Lasso and Ridge regression are the extended form of the Ordinary Least Square (OLS) Approach in general which is called as Linear Regression and while doing the classification it is known as Logistic Regression.

The main drawback of using the Least Squares Regression is that it won’t be able to define the number of predictors exceeds the number of observations, second not able to differentiate the “important” variables from the “less-important” ones this leads to overfitting a model on the training data and produces high variance in the testing data or making the predictions with least accuracy on the new data or the test data. The Least Squares also has issues while dealing with the ”multicollinearity”.

'Multicollinearity occurs when independent variables in a regression model are correlated. This correlation is a problem because independent variables should be independent. If degree of correlation between variable is high enough, it can cause a problem when we try to fit the model and interpret the results.'

In that scenario the Regularization comes into play which helps to avoid overfitting by penalizing high-valued regression coefficients which means it tries to reduce the parameters and simplifies the model. It works on biasing data towards particular values (such as small values near zero). The bias is achieved by adding tuning parameters to encourage those values:

L1 regularization adds an L1 penalty or biasness equal to absolute value of the magnitude of coefficients. In other words, it limits the size of the coefficients. L1 can yield the sparse models, some coefficients can become zero and eliminated therefore it aids in removing some features altogether and works well in performing feature selection when we have huge number of independent variables in the data set. Lasso Regression (Least Absolute Shrinkage and Selection Operator)uses this method. In Lasso Regression larger penalties results in coefficient values closer to zero, which is ideal for producing the simpler models.

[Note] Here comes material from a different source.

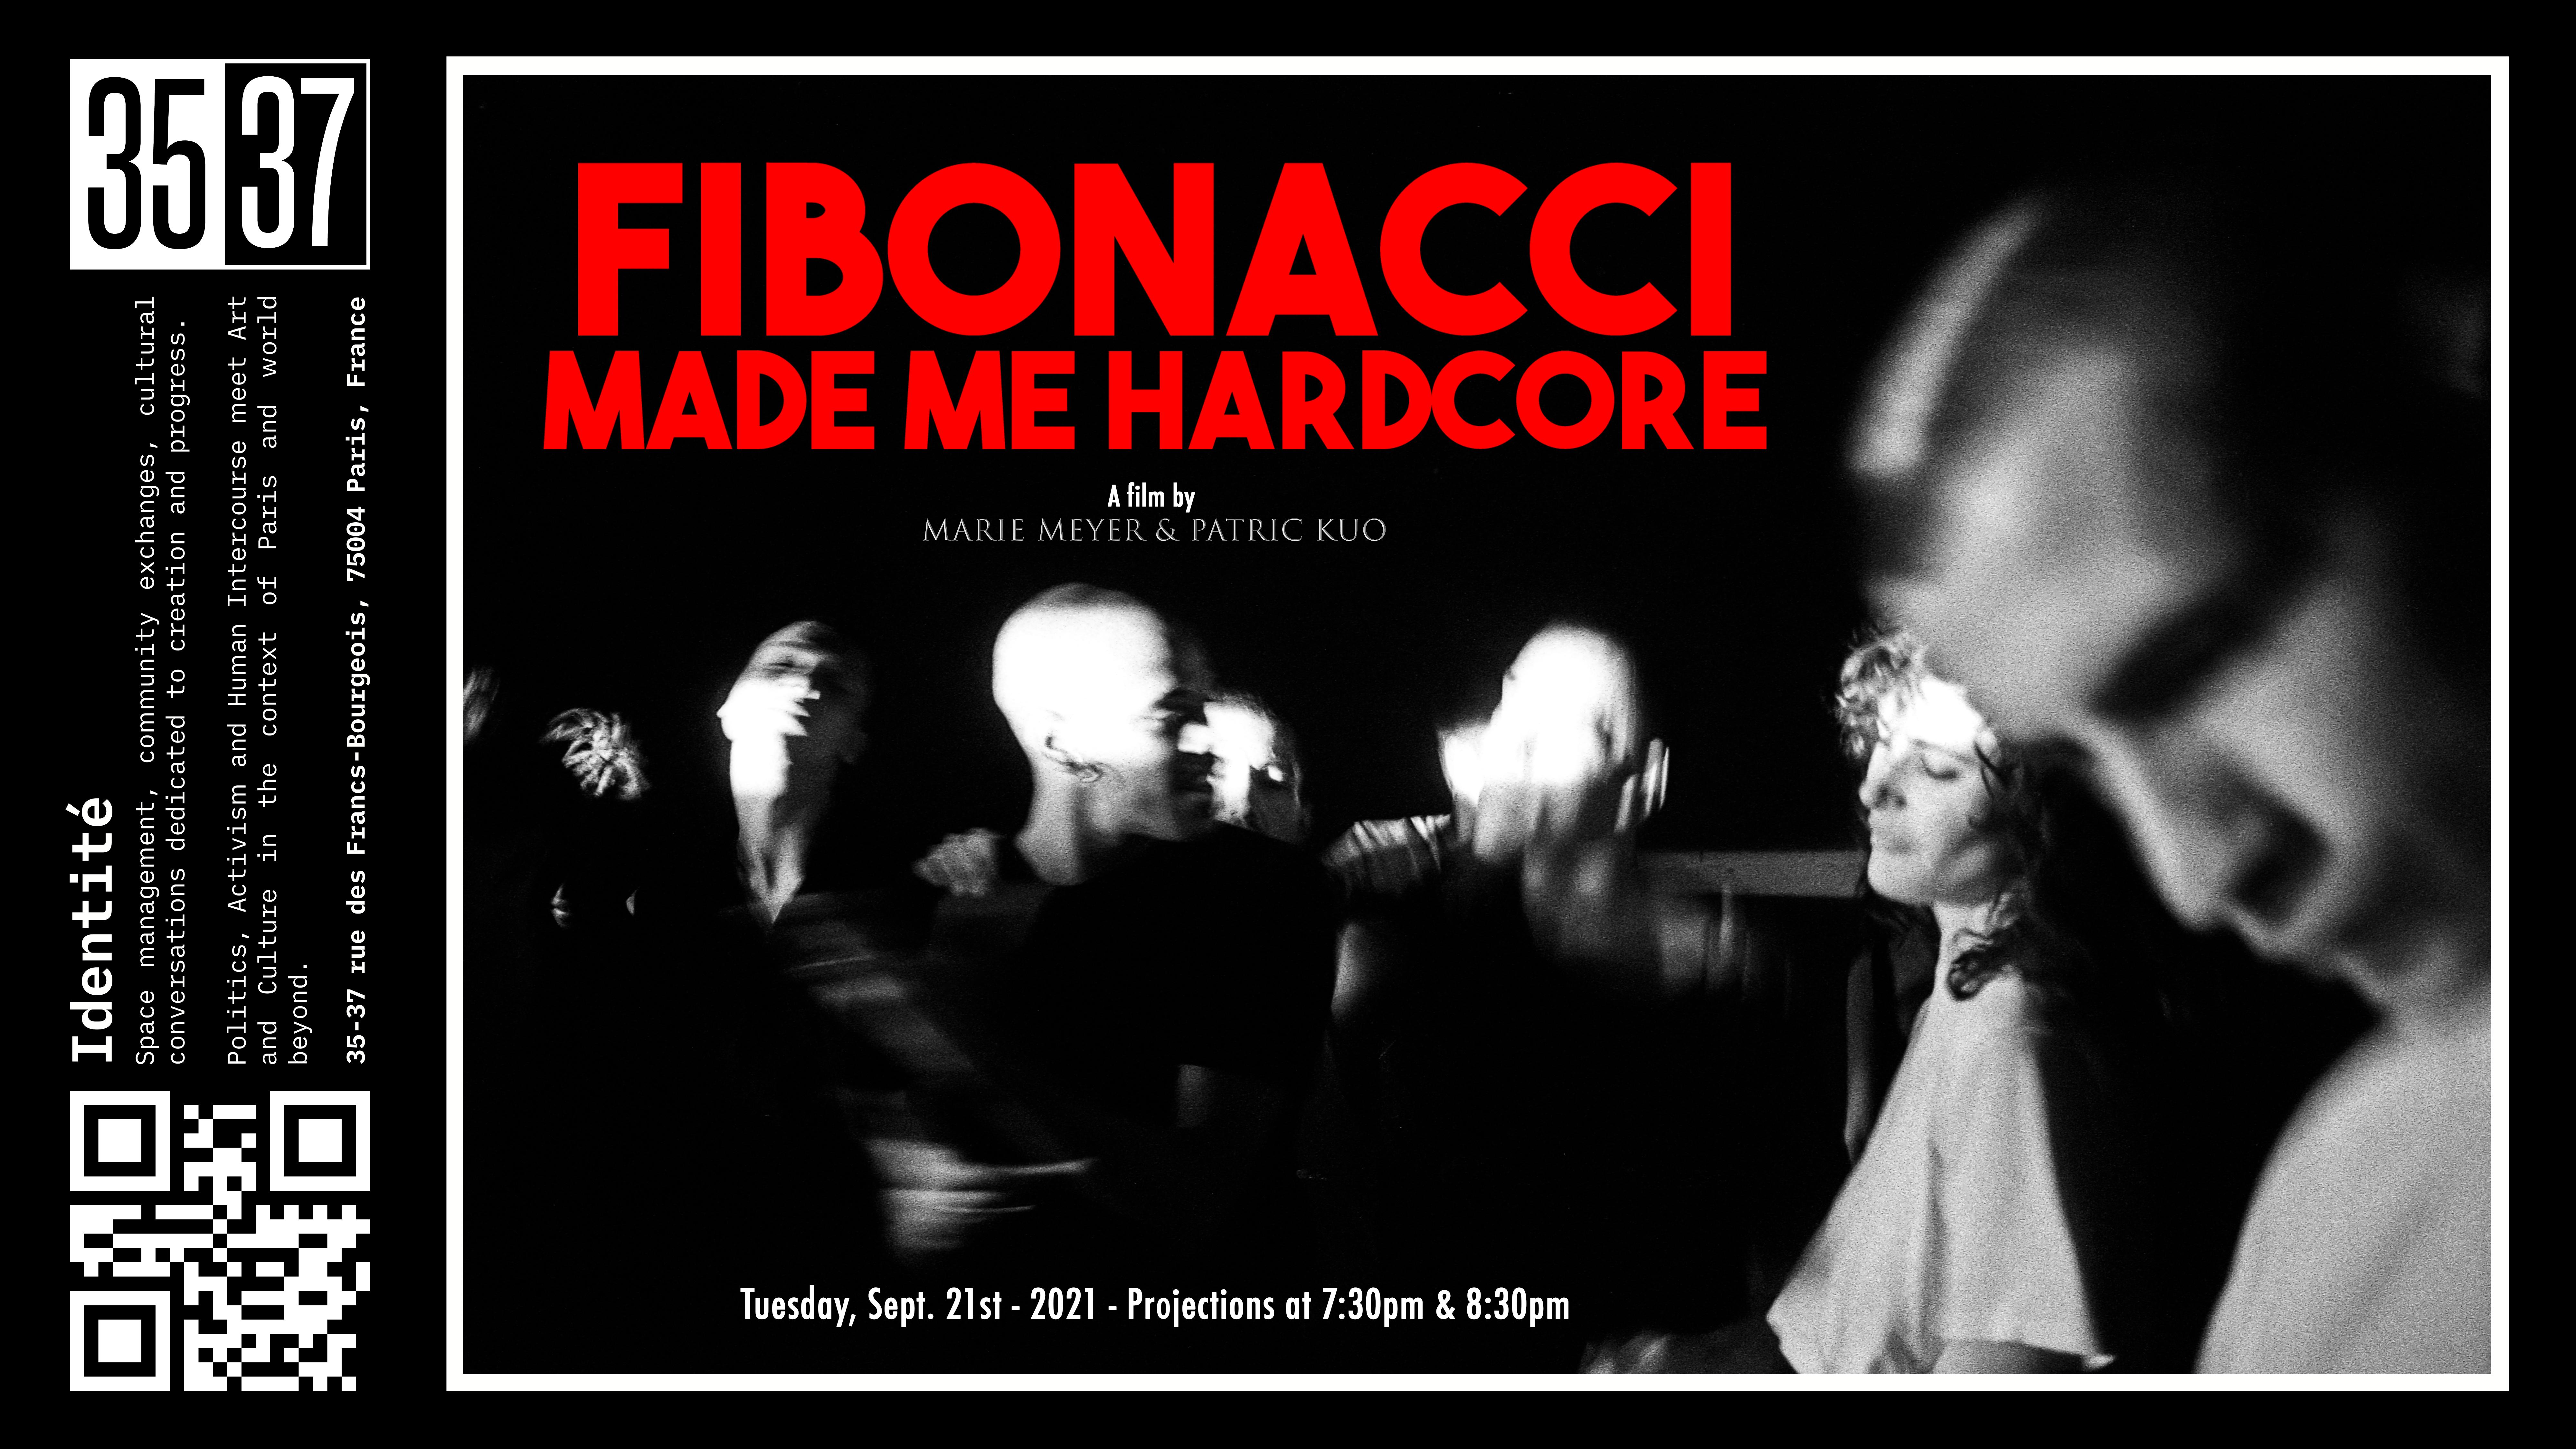 FIBONACCI MADE ME HARDCORE @ 3537

L2 regularization adds an L2 penalty or biasness equal to sum of square of the magnitude of coefficients. It will not yield the sparse models but all the coefficients are shrunk by the same factor (none are eliminated). Ridge Regression and SVMs uses this method. Ridge regression helps in adding just enough bias to make the estimates reasonably reliable approximations to true population values. It uses a type of shrinkage estimator called “ridge estimator”. Shrinkage estimator theoretically produces new estimators that shrunk closer to the “true” population parameters which help in improving the least-squares estimate when multicollinearity is present.

To explain the importance of Ridge and LASSO regression the data which has been used is “Breast Cancer Data” to classify whether the cancer is “Malignant” or “Benign”.

Reading and looking at the structure of the data

BreastCancer_Data <- read.csv(file = "BreastCancerData.csv", sep = ",", na.strings = "") str(BreastCancer_Data)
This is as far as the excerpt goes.